A vessel was underway in darkness having just disembarked the pilot. Winds were modest at B6 and there was a swell of about three metres. Air temperature was a cool 8C. The bosun, assisted by three other crew, was bringing on board and securing the pilot boarding arrangements. The bosun descended to the lower platform of the accommodation ladder to disconnect the latching mechanism which secured the pilot ladder to the accommodation ladder.
After the bosun had pulled up the lower section of the pilot ladder and placed it on the accommodation ladder, he asked one of the assisting crew to heave up the accommodation ladder. Each time the crew tried to hoist the ladder, it descended rather than moving up. After a few attempts, the crewman stopped the operation, but at this time a noise was heard and the crew realised the accommodation ladder was now hanging vertically down. The bosun could not be seen; he had not been wearing a lifejacket or a lifeline. A life ring and light were thrown into the water and the bridge informed.
Despite many hours of searching using their rescue boat, the vessel itself, the pilot boat and other boats in the area, the bosun could not be located. His body washed ashore three weeks later.
The investigation found it probable that when the ladder was mistakenly lowered (instead of raised), the weight of the ladder transferred from the hoisting wire to the latching mechanism. The mechanism failed under a load that it was not designed to hold, and the resulting shock load on the wire caused failure and free fall of the lower end of the accommodation ladder, leaving it in the vertical position.
The investigation also found it probable that the non-permanent air hose connections for powering the hoist/lower function of the accommodation ladder, which were unmarked, were mistakenly inversed when connected initially, hence the lowering action achieved when the crew wanted to hoist.
Additionally, it was found that the wire on the failed accommodation ladder was in fact only 55 metres long instead of the manufacturer’s recommended 67 metres. This probably caused undue stress and further undermined the wire’s integrity, especially considering that at least two wraps were needed on the drum at maximum payout.

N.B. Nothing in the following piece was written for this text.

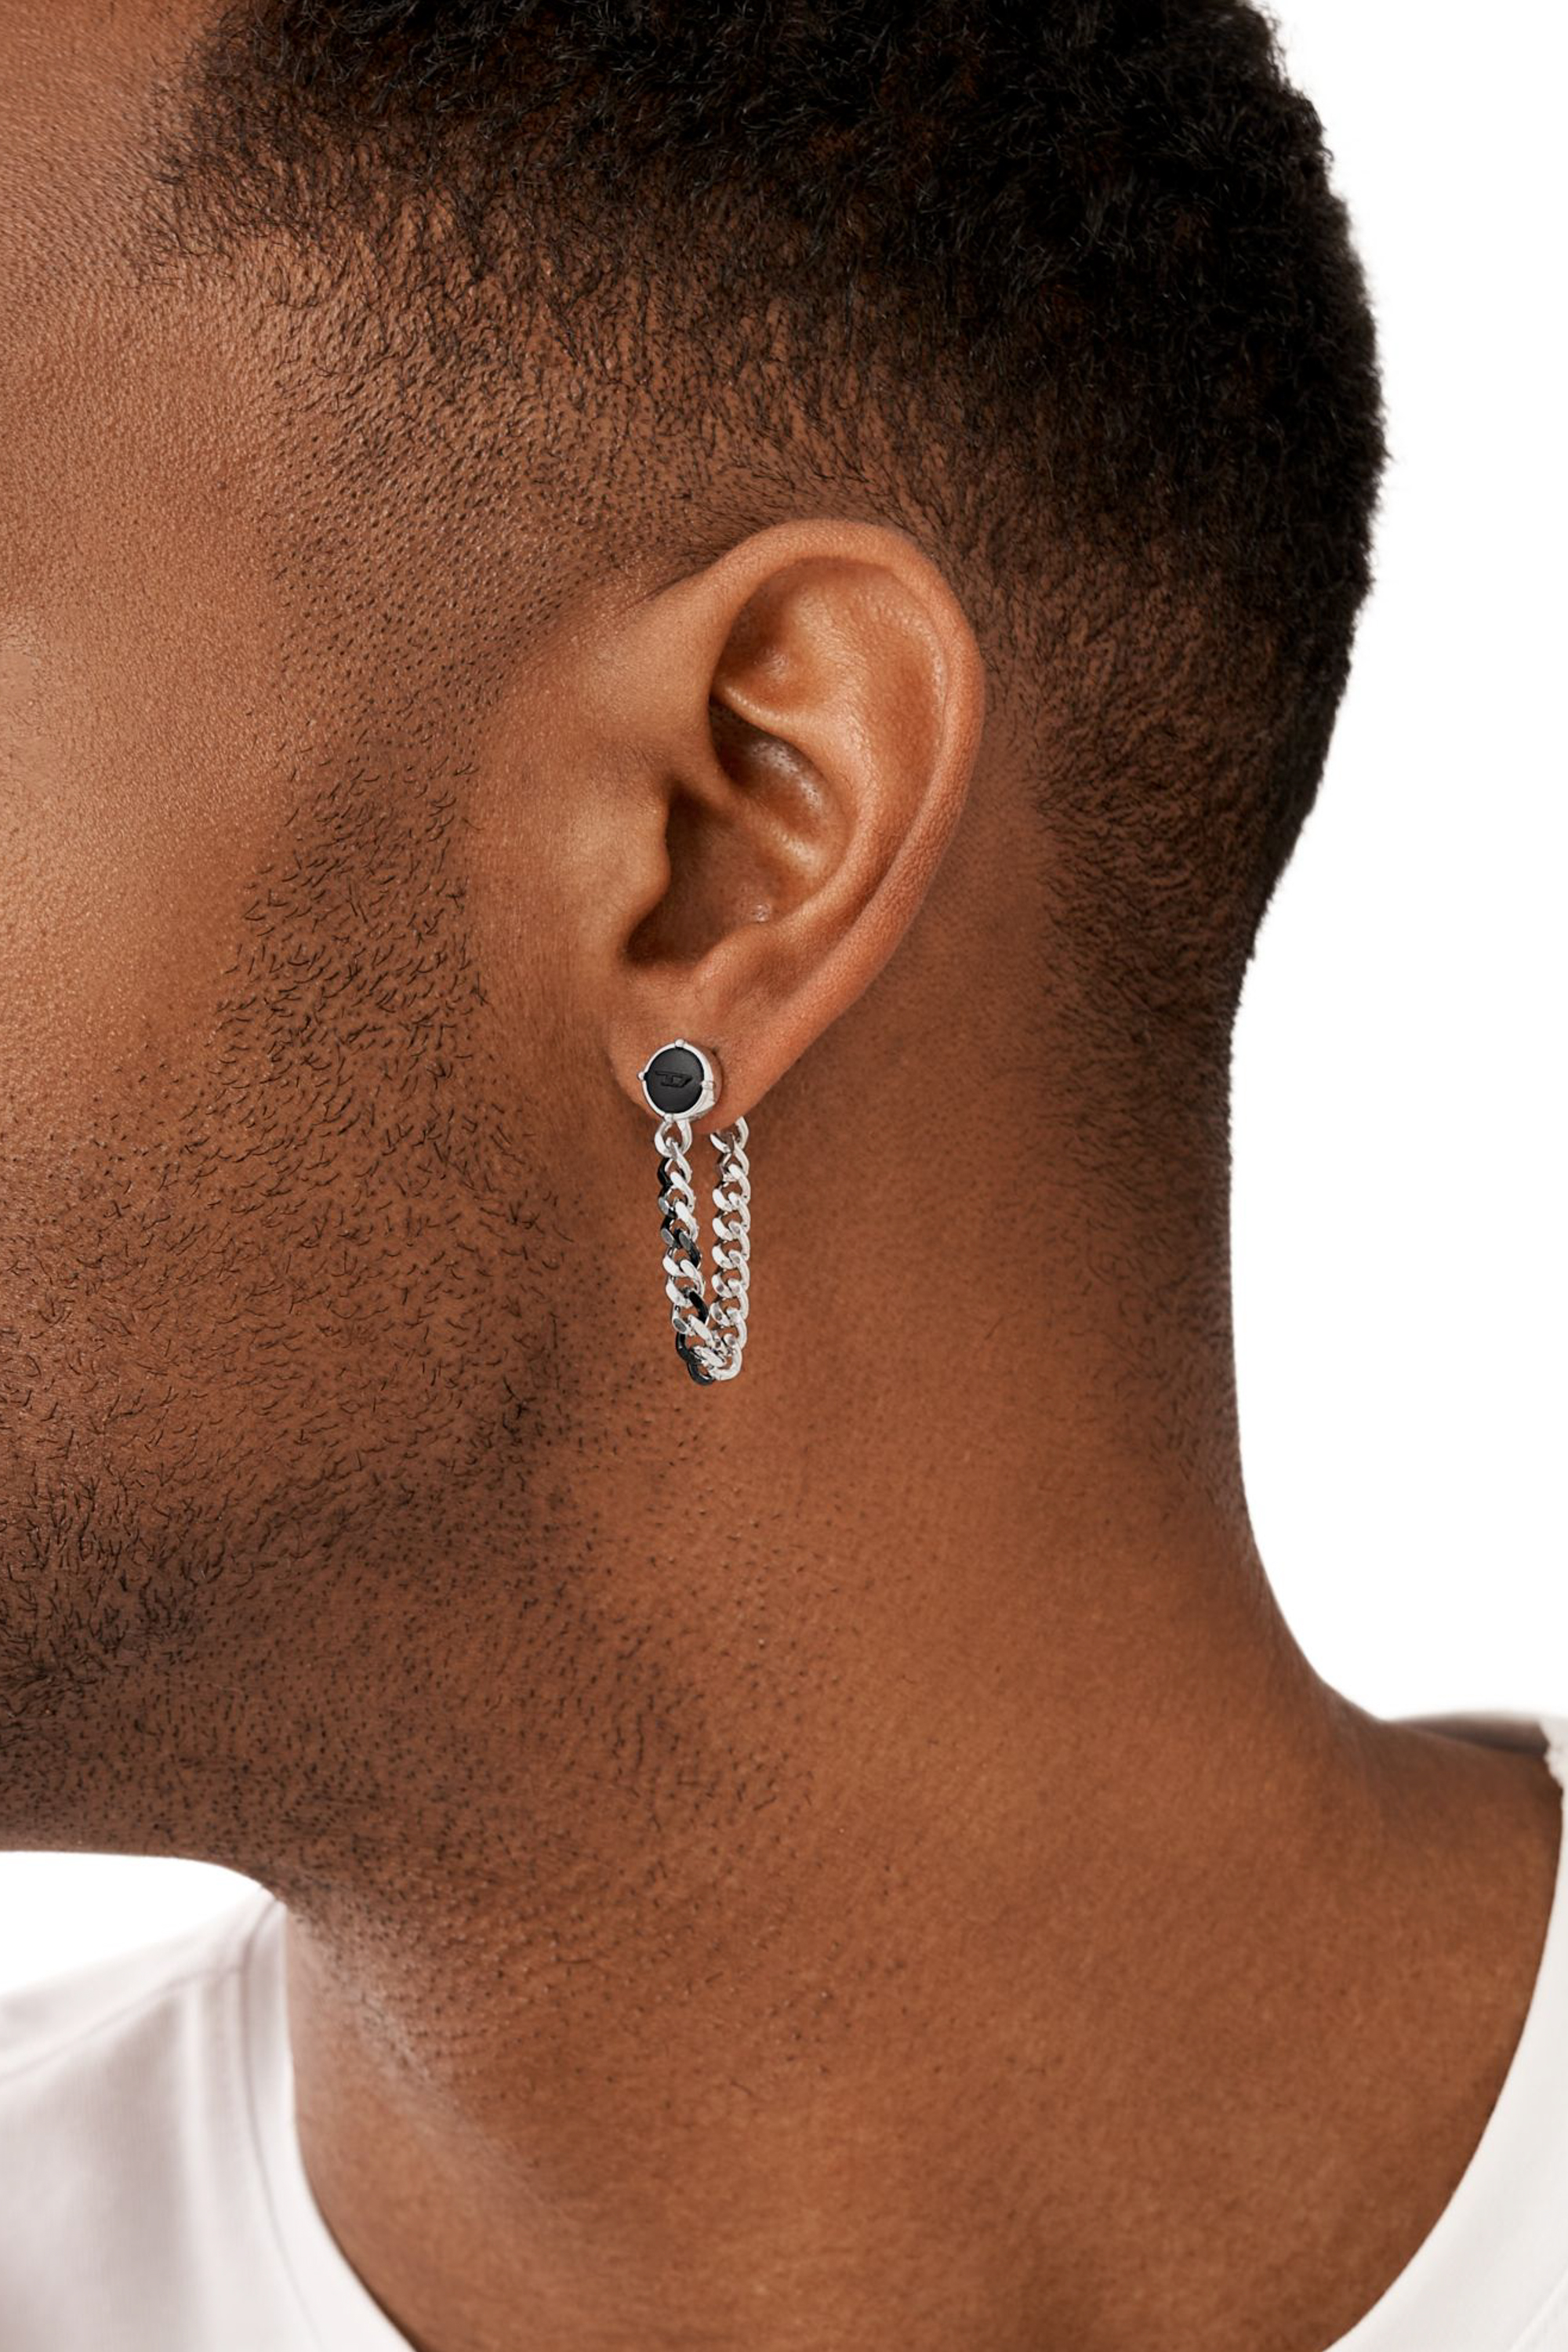 Diesel - DX1500, Male Stainless steel stud earring in シルバー - Image 3

The investigation further found that the bosun was working in contradiction to the company procedure for this operation, having no lifejacket nor safety line. None of the other crew working with the bosun had interjected to advise him of these shortcuts.
Editor’s note: As with almost every accident, a series of unsafe acts and unsafe conditions conspired to bring about a very serious consequence. Had any one of these been absent from the sequence of events, the accident may very well not have happened. But first and foremost I see an absence of safety culture here. Had safety been a true value of the crew, the bosun would never have gone over the side without a lifejacket and safety line. But also, had he wanted to do so nonetheless just to get the job done quickly, the other crew would have called him out on those dangerous shortcuts.